44…The High Court observed that in the petition it had specifically been averred that all the accused persons were responsible and liable for the whole business management of the accused Company, and took the view that the averments in the complaint were sufficient to meet the requirements of Section 141 of the NI Act.

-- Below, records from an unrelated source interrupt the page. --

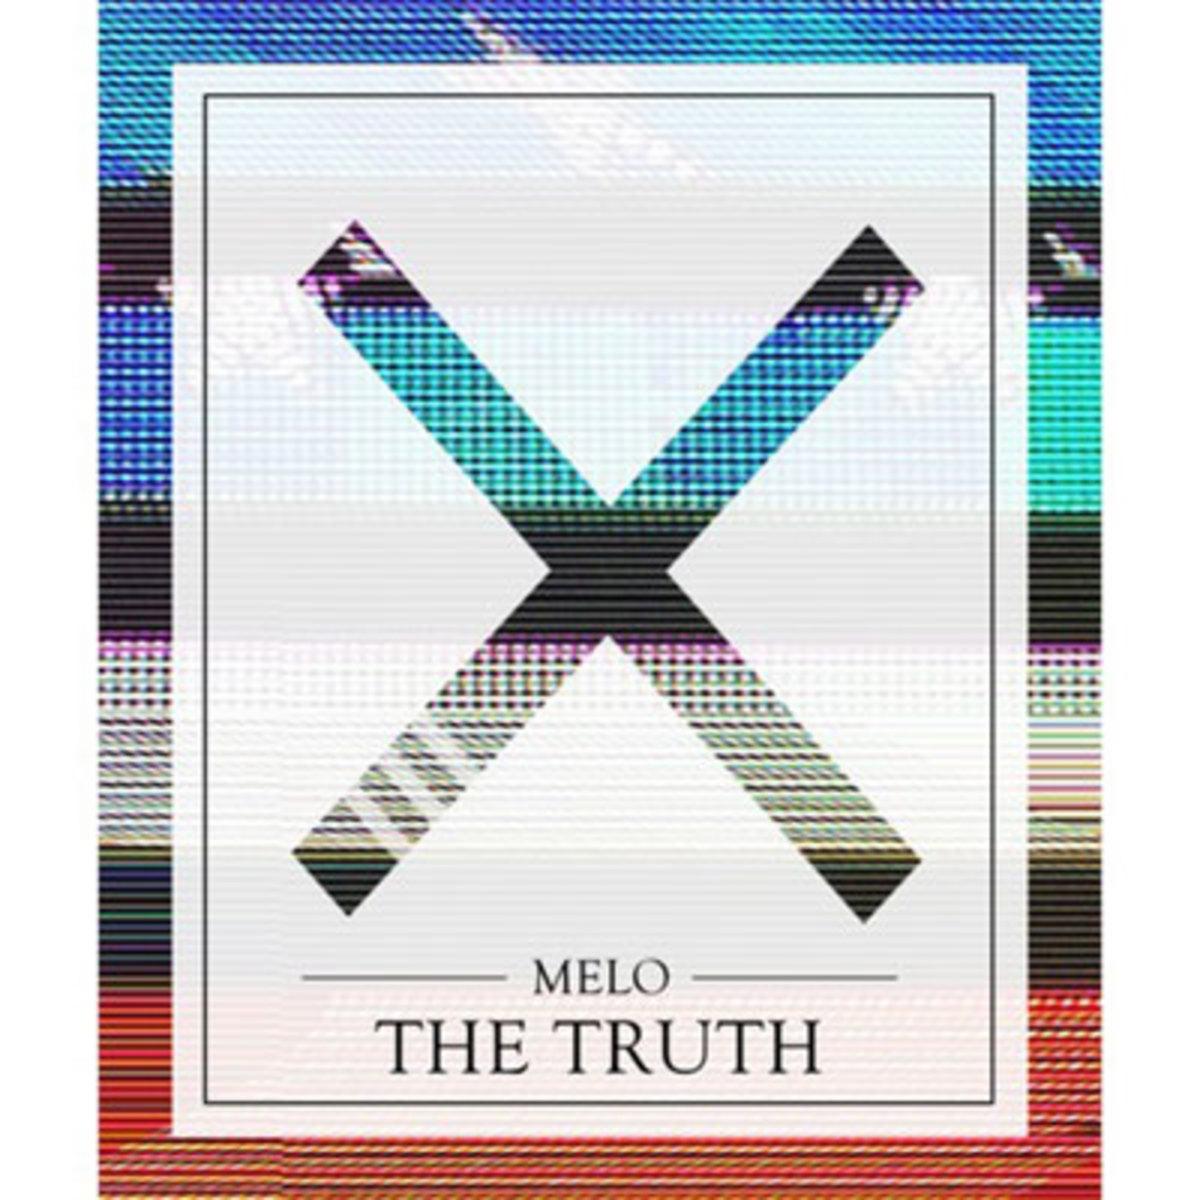 melox-thetruth.jpg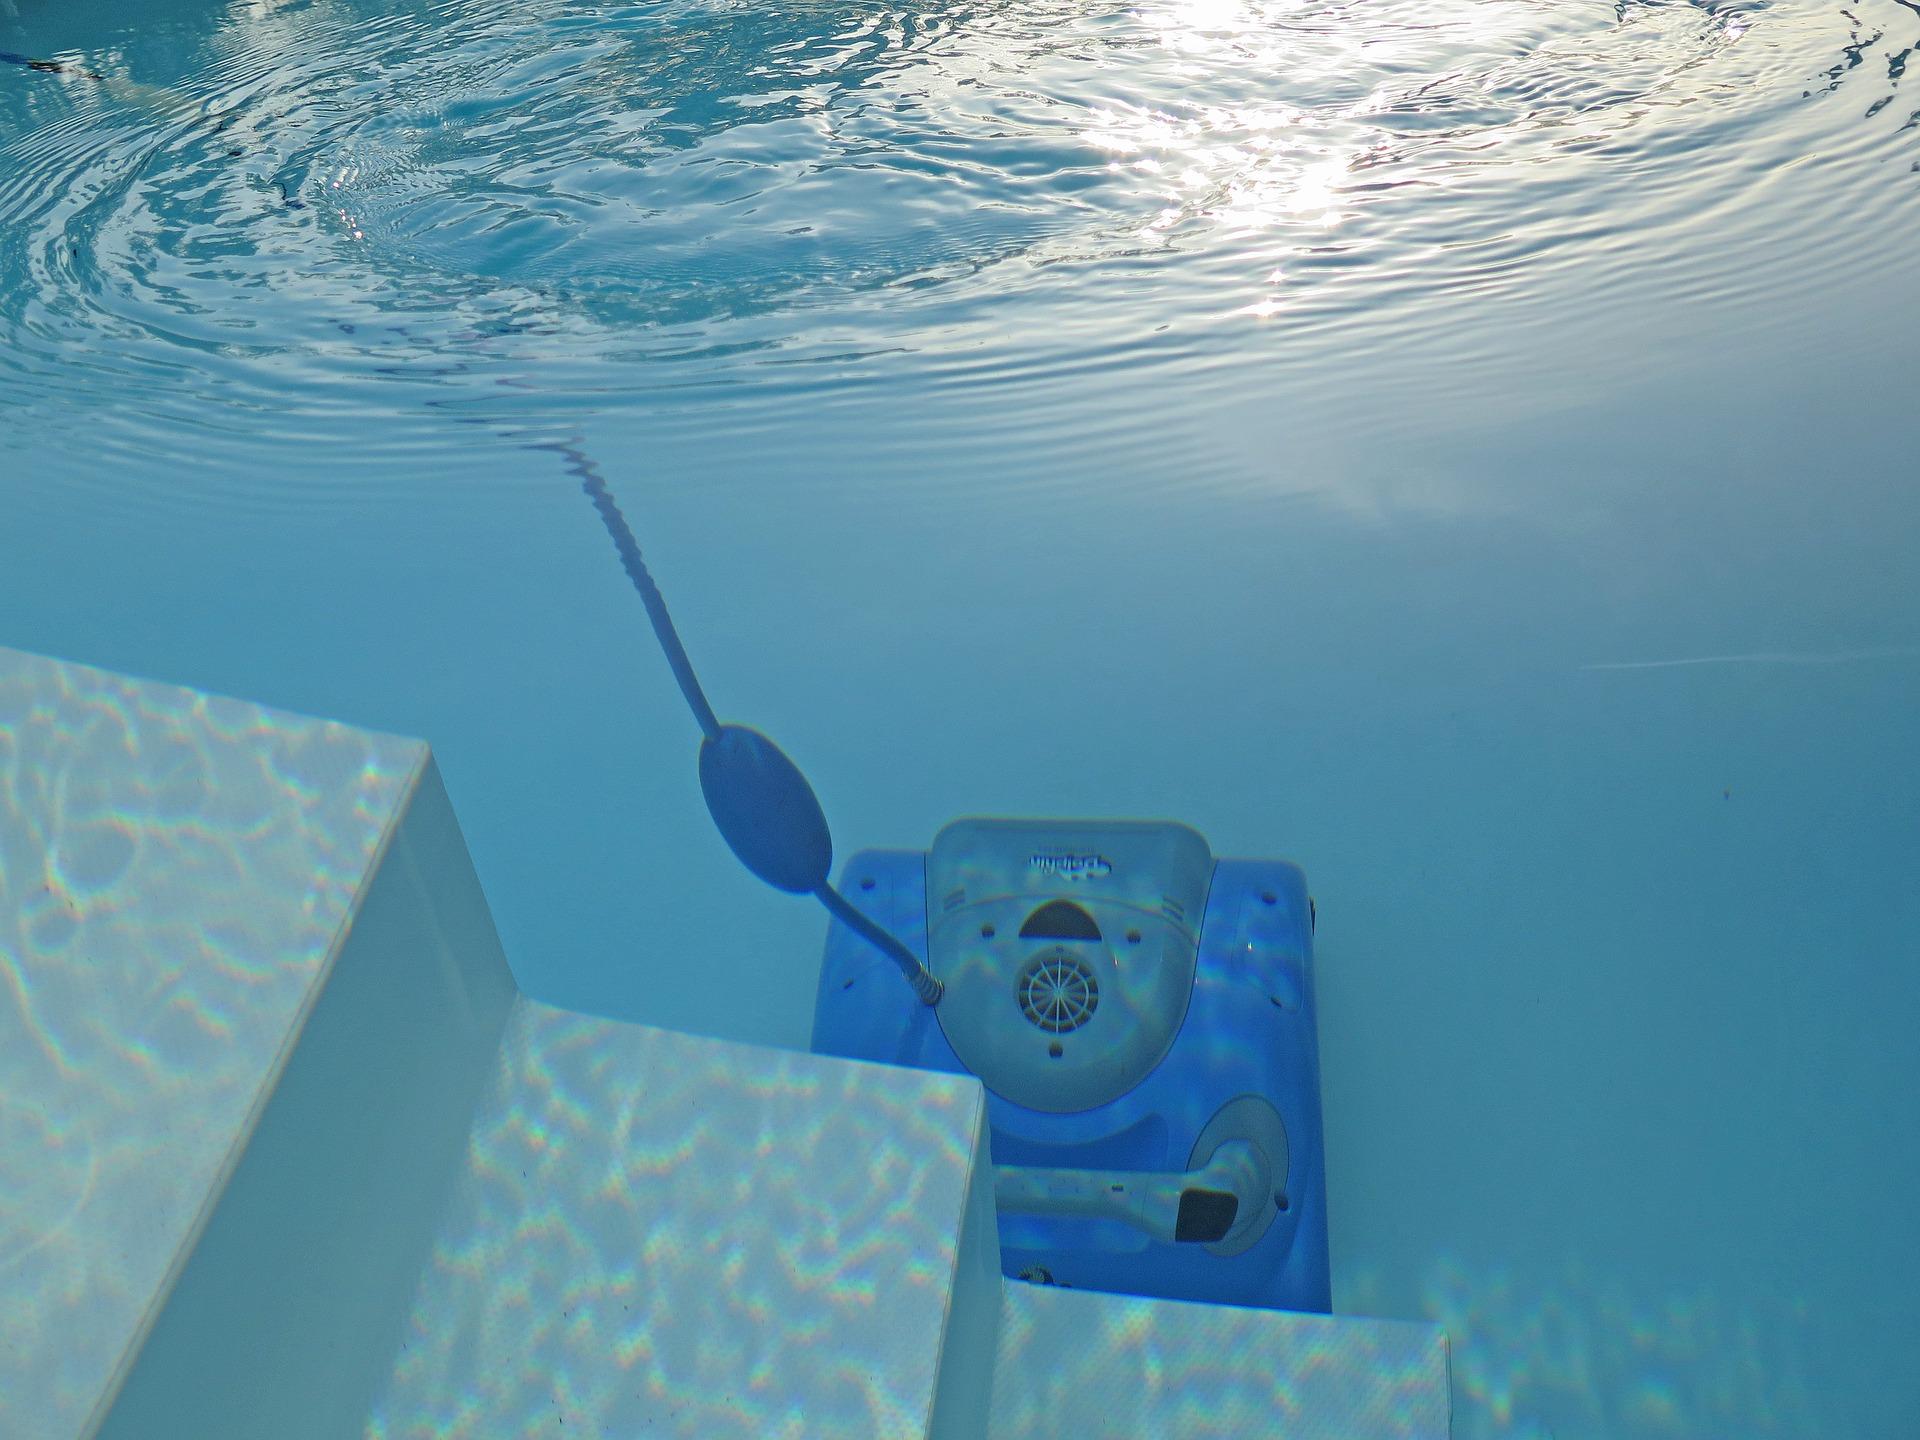 robot aspirateur nettoyant une piscine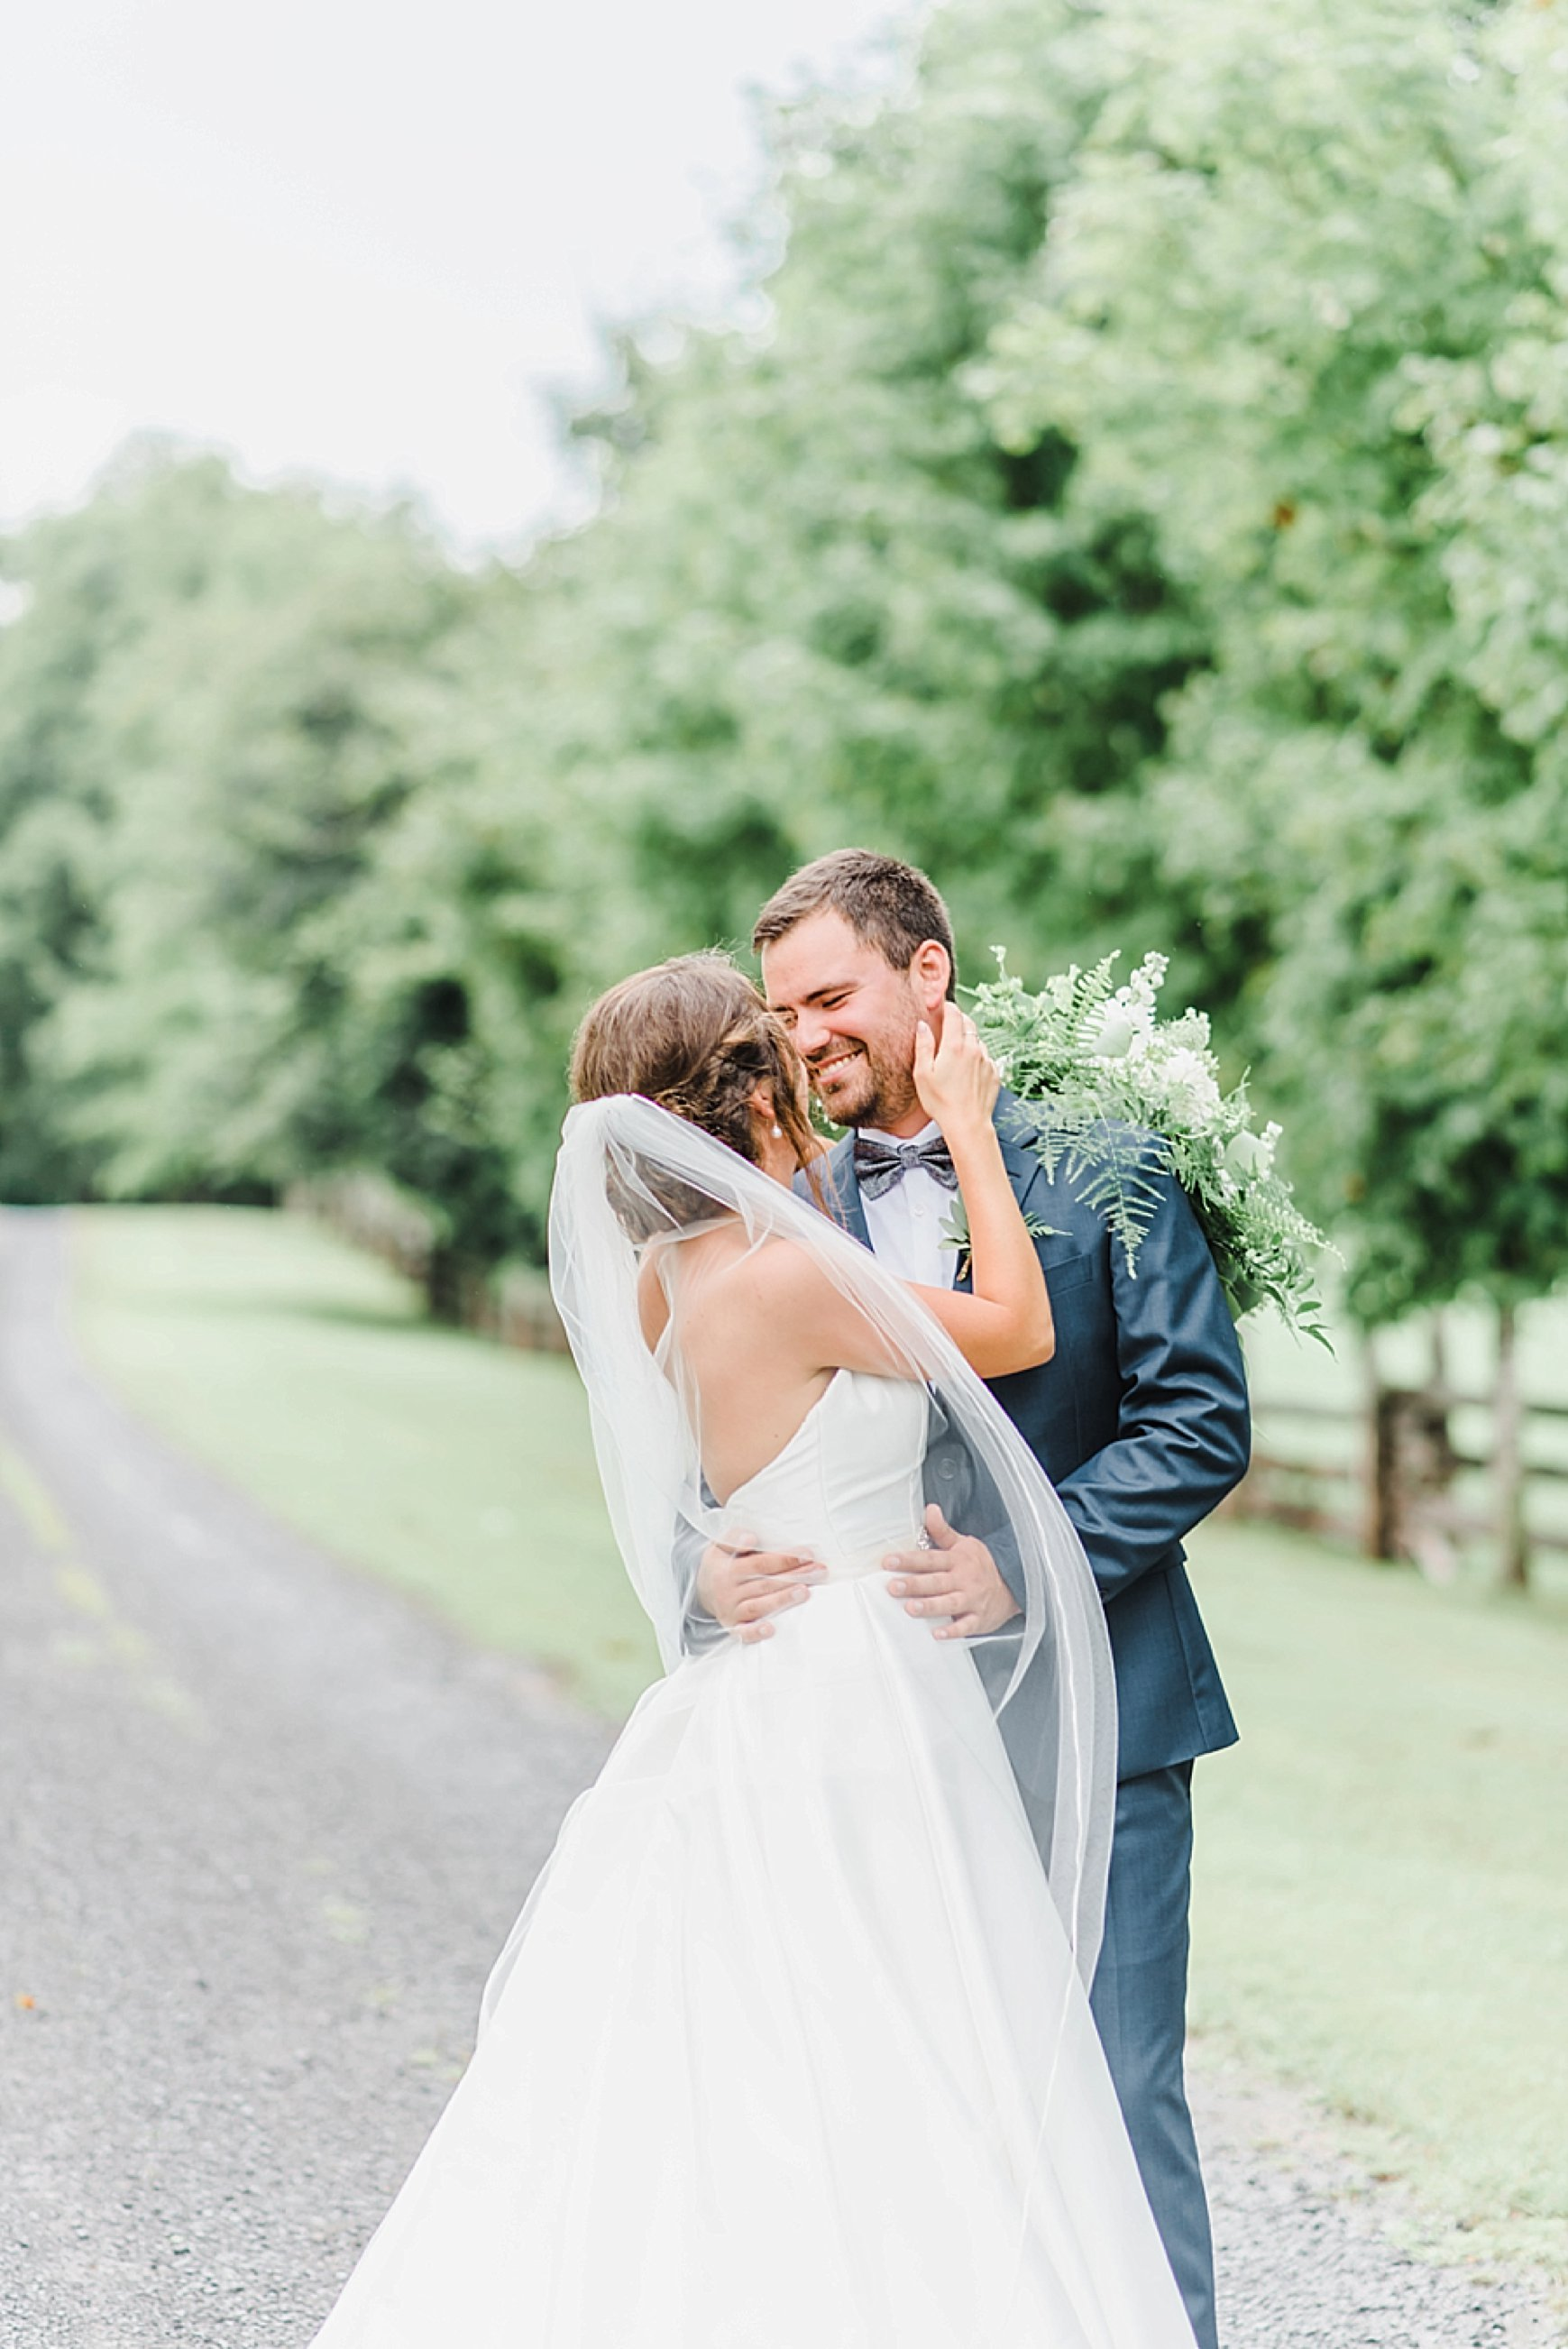 light airy indie fine art ottawa wedding photographer | Ali and Batoul Photography_0495.jpg

45. As held by this Court in National Small Industries Corpn. Ltd. v. Harmeet Singh Paintal [National Small Industries Corpn. Ltd. v. Harmeet Singh Paintal, (2010) 3 SCC 330 : (2010) 1 SCC (Civ) 677 : (2010) 2 SCC (Cri) 1113] quoted with approval in the subsequent decision of this Court in Pooja Ravinder Devidasani v. State of Maharashtra [Pooja Ravinder Devidasani v. State of Maharashtra, (2014) 16 SCC 1 : (2015) 3 SCC (Civ) 384 : (2015) 3 SCC (Cri) 378] the impleadment of all Directors of an accused Company on the basis of a statement that they are in charge of and responsible for the conduct of the business of the company, without anything more, does not fulfil the requirements of Section 141 of the NI Act.
46. In any event there could be no justification for not dispensing with the personal appearance of the appellants, when the Company had entered appearance through an authorised officer. As held by this Court in Pepsi Foods Ltd. v. Special Judicial Magistrate [Pepsi Foods Ltd. v. Special Judicial Magistrate, (1998) 5 SCC 749 : 1998 SCC (Cri) 1400] summoning an accused person cannot be resorted to as a matter of course and the order must show application of mind.” (emphasis supplied)
# 9. From the precedents mentioned above, it is clear that a person cannot be made vicariously liable under the provisions of Section 141 of NI Act, merely by stating that he was in-charge and responsible for the day-to-day-conduct of the accused company at the relevant time when the offence was committed.
# 10. In view of the uncontroverted fact that the petitioners were independent, non-executive Director and that the complaints lack the necessary averments to endorse as to what was the active role of the petitioners and as to how the petitioners were guilty or responsible for the offence, this Court is of the opinion that continuance of the proceedings would amount to abuse of the process of the Court. The present case is a fit case to exercise discretionary jurisdiction under Section 482 of the CrPC.
# 11. The present petitions, to that extent, are allowed and the Complaint Nos. 16318/2023, 7054/2023 and 10565/2023, under Section 138 of the NI Act, and all consequential proceedings arising therefrom are quashed qua the petitioners.
# 12. The present petitions are disposed of in the aforesaid terms.
# 13. A copy of this order be placed in all the matters.